Словно подчиняясь невидимому сигналу, все четверо стали подниматься с травы, собирать книги и стряхивать с одежды травинки. Корделия прошла следом за ними через двор и вышла на улицу. Не произнося ни слова, компания направилась к белому «рено». Корделия подошла к ним и обратилась прямо к Изабелль:
– Вам понравился Пинтер? Вас не напугала заключительная сцена, когда Уайтт Гиллмен гибнет от рук туземцев?
Это вышло до того просто, что Корделия почти запрезирала себя. В огромных темно-синих глазах она прочла неподдельное изумление.
– О нет! Что мне до этого? Какой испуг? Я же была с Хьюго и всеми остальными.
Корделия обернулась к Хьюго Тиллингу:
– Кажется, ваша приятельница не видит разницы между Пинтером и Осборном[3].
Хьюго как раз устраивался за рулем машины. Потянувшись к задней дверце, чтобы впустить в салон Софию и Дейви, он спокойно парировал:
– Моя приятельница, как вы изволили ее назвать, обитает в Кембридже, хотя и без достаточного присмотра, с целью овладения английским языком. Пока прогресс до обидного невелик. Никогда не знаешь, как много из сказанного удается понять моей приятельнице.
Мотор ожил. Машина сдвинулась с места. В этот момент София Тиллинг просунула голову в окно и, удивляясь своему порыву, произнесла:
– Я не против побеседовать о Марке, если это принесет пользу. Это, конечно, ничего не даст, но вы все равно заходите ко мне сегодня под вечер – дом 57 по Норвич-стрит. Не опаздывайте: мы с Дейви собираемся на реку. Можете присоединиться к нам, если захотите.
Машина тронулась и исчезла из виду. Хьюго успел насмешливо помахать ей рукой, остальные не повернули головы.
Корделия несколько раз повторила адрес про себя, пока не записала его: 57, Норвич-стрит. Что это, общежитие, или их семья живет в Кембридже? Что ж, скоро она узнает. Когда лучше прийти? Слишком рано – значит продемонстрировать излишнее рвение, опоздать – значит упустить их. Что бы ни побудило Софию пригласить ее, пусть с опозданием, теперь ей нельзя терять с ними связь.

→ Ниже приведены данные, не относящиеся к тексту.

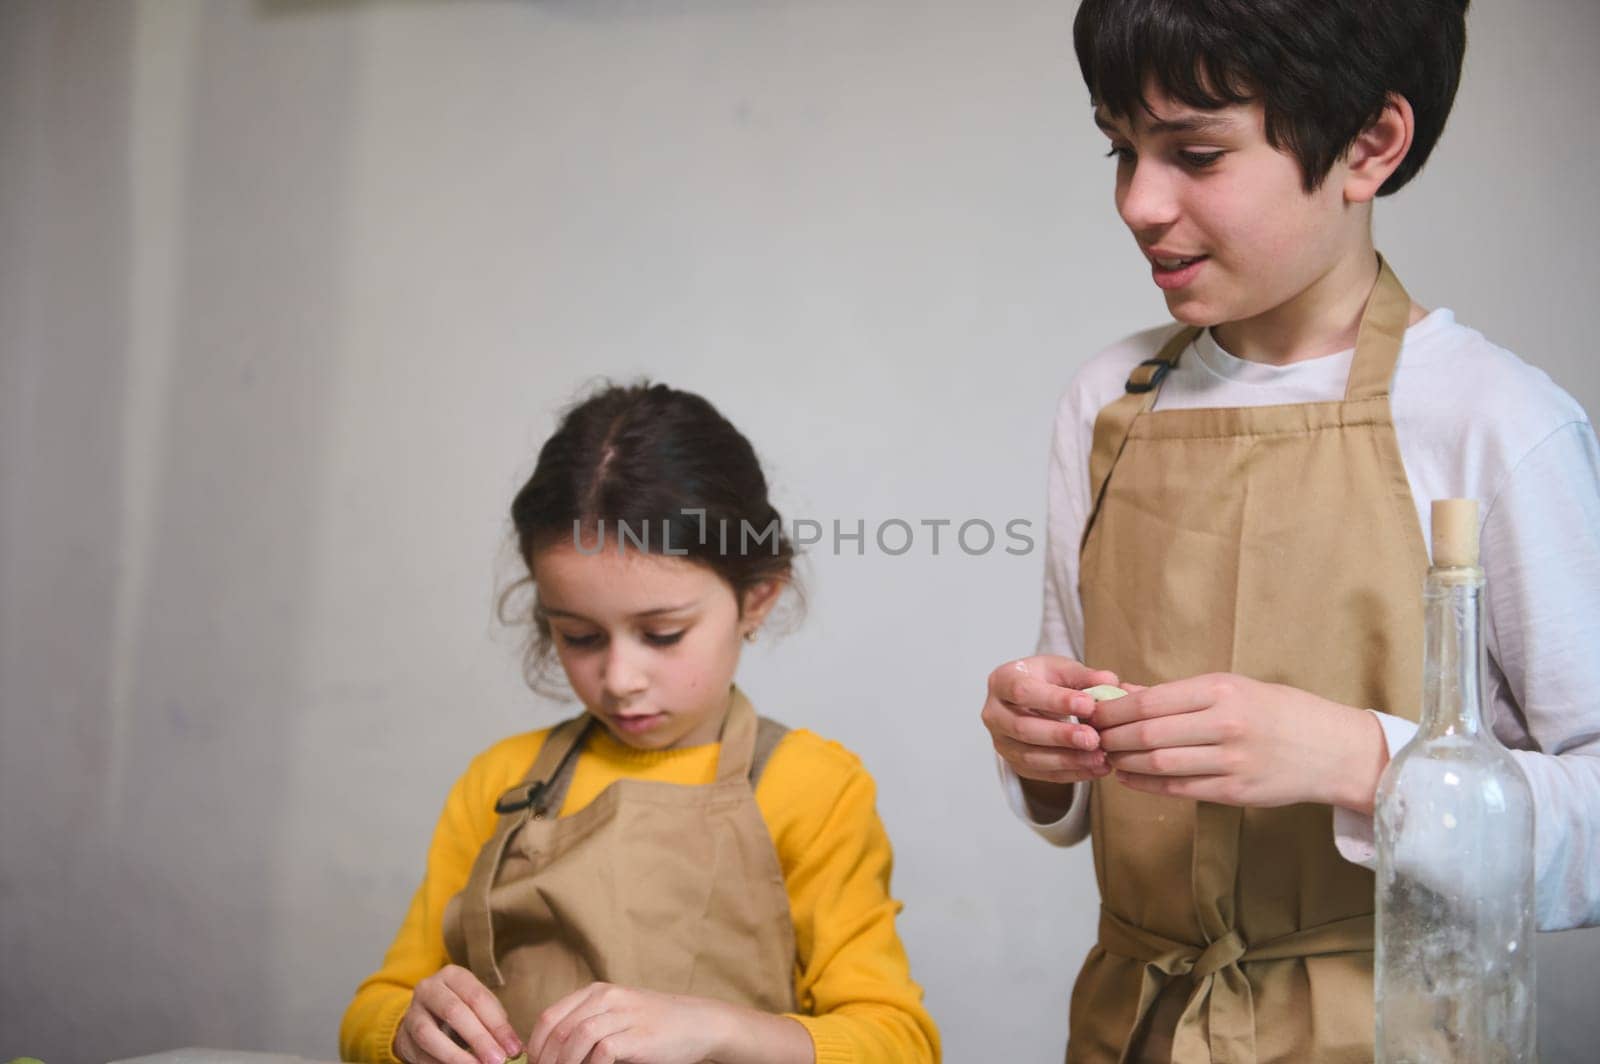 Boy and girl learning culinary at cooking class, making homemade dumplings with mashed potato filling, standing at floured kitchen table with ingredients at rustic kitchen in a rural house
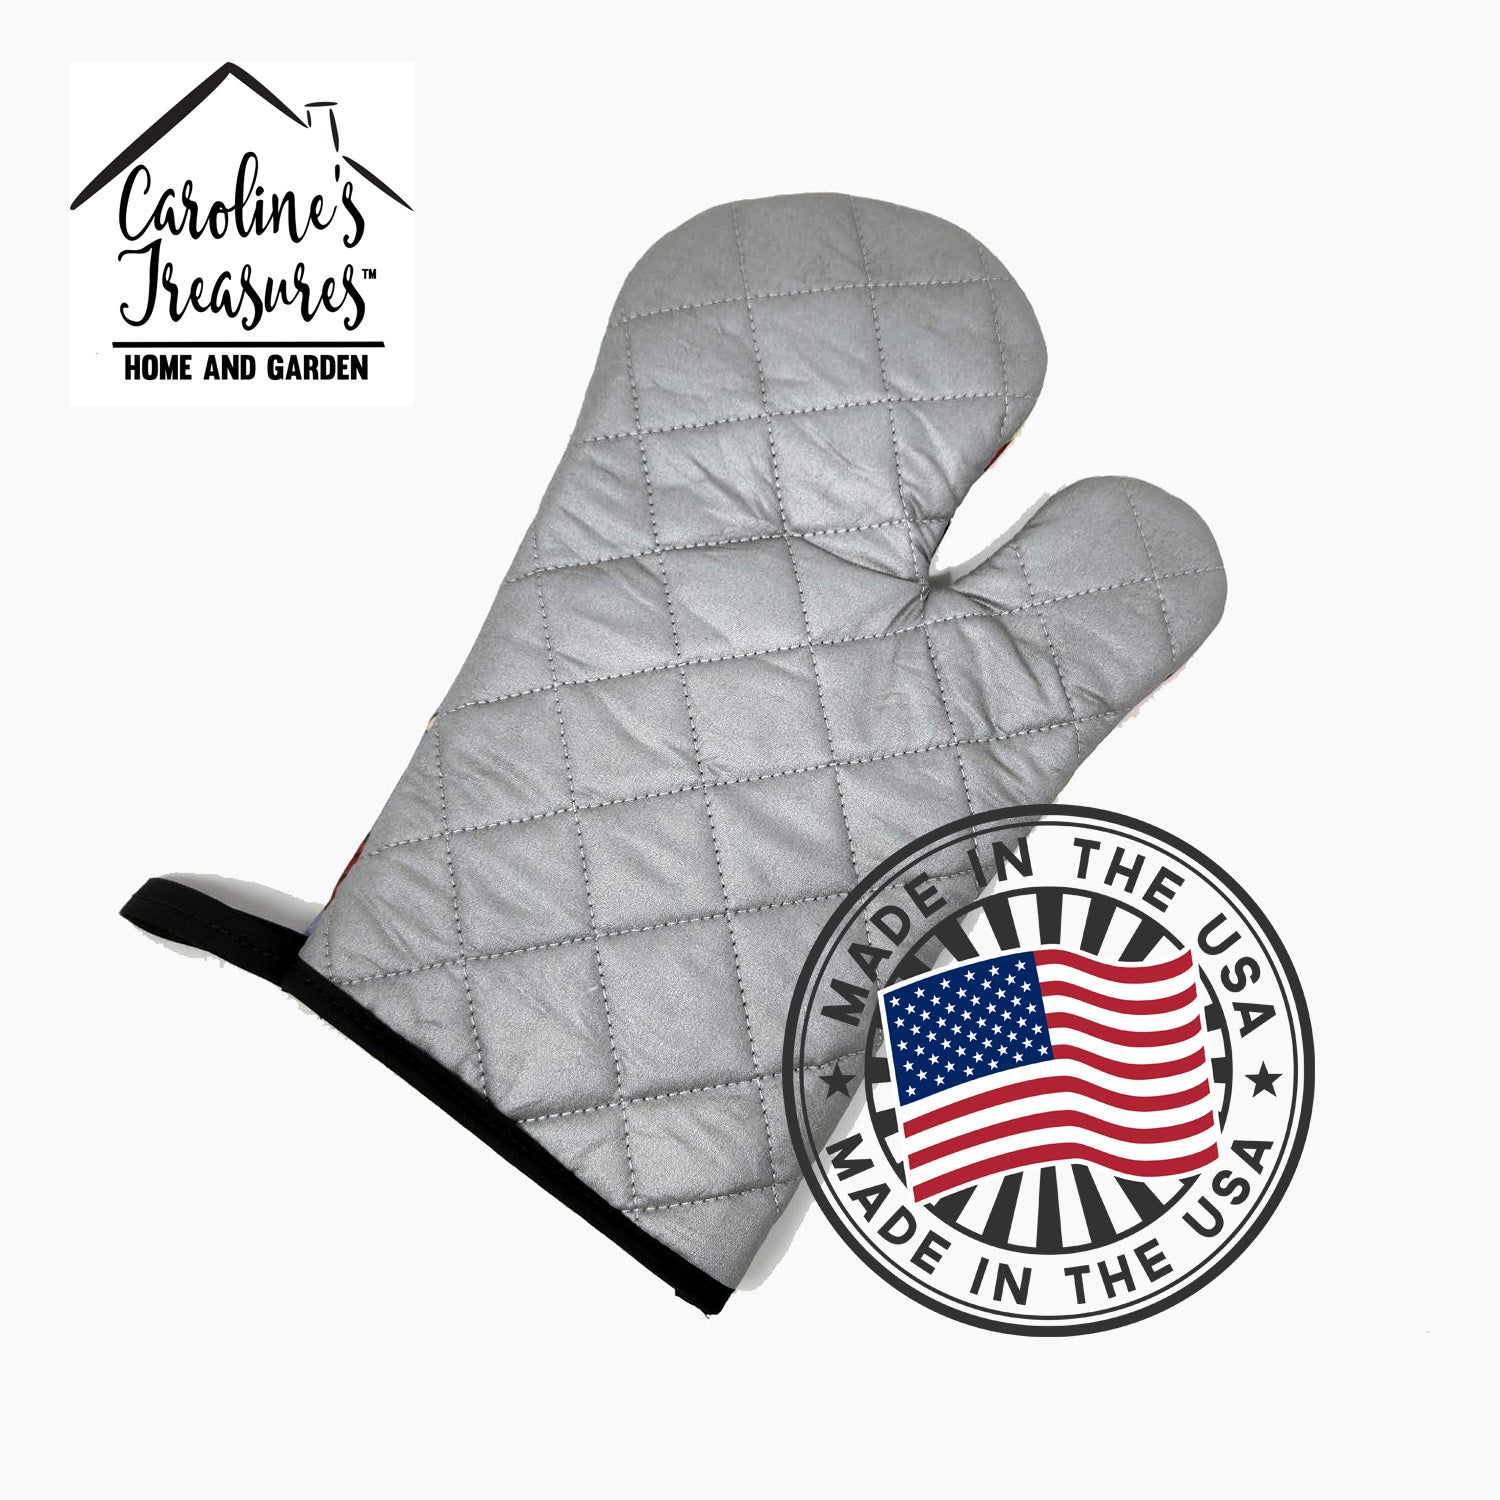 Chinese Crested Oven Mitt SS8185OVMT

Им было известно нечто, из-за чего они испытывали чувство вины, в этом нет сомнений. Иначе почему они так эмоционально отреагировали на ее появление? Им хотелось, чтобы никто не ворошил факты, связанные со смертью Марка Келлендера. Они будут пытаться уговорами, лестью, укорами заставить ее бросить это дело. Дойдет ли до угроз? Вряд ли. По всей вероятности, они просто кого-то выгораживают. Только зачем? Убить – не то же самое, что забраться поздней ночью в колледж через окно. Подобное не прощают и не пытаются скрыть. Марк Келлендер был дружен с ними; для двоих из них он мог быть даже больше, чем просто другом. Кто-то, кого он знал, кому доверял, крепко затянул ремешок у него на горле, а потом смотрел и слушал, как он задыхается и агонизирует, после чего подвесил его тело на крюк, как свиную тушу. Зная подобное, можно ли заговорщически поглядывать на Софию, как Дейви Стивенс; оставаться спокойным и циничным, как Хьюго; глядеть дружески и заинтересованно, как София Тиллинг? Если они заговорщики, значит, они просто чудовища! А Изабелль? Если они выгораживают кого-то, то скорее всего именно ее. Но Изабелль де Ластери не могла быть убийцей Марка. Корделия вспомнила ее хрупкие покатые плечи, неумелые руки, почти просвечивающие на солнце, длинные ногти, похожие на изящные красные коготки. Если Изабелль виновна, она действовала не одна. Только высокая и очень сильная женщина могла бы затащить неподвижное тело на стул и подвесить его на крюке.
Норвич-стрит оказалась оживленной магистралью с односторонним движением, и сначала Корделия въехала на нее с противоположной стороны. Прошло порядочно времени, пока она не проделала весь путь: назад к Хиллз-роуд, мимо католической церкви, четвертый поворот направо. Улица была утыкана кирпичными домиками ранневикторианского периода. Почти все дома выглядели ухоженными: одинаковые входные двери блестели свежей краской, окна первых этажей были завешены кокетливыми занавесками, вдоль стен вырыты сточные желоба. Дом номер пятьдесят семь встретил ее черной входной дверью с белым номером за стеклом. Корделия с облегчением увидела, что ей есть где припарковать машину. В сплошном ряду старых автомобилей и велосипедов, оставленных у тротуара, белого «рено» не оказалось.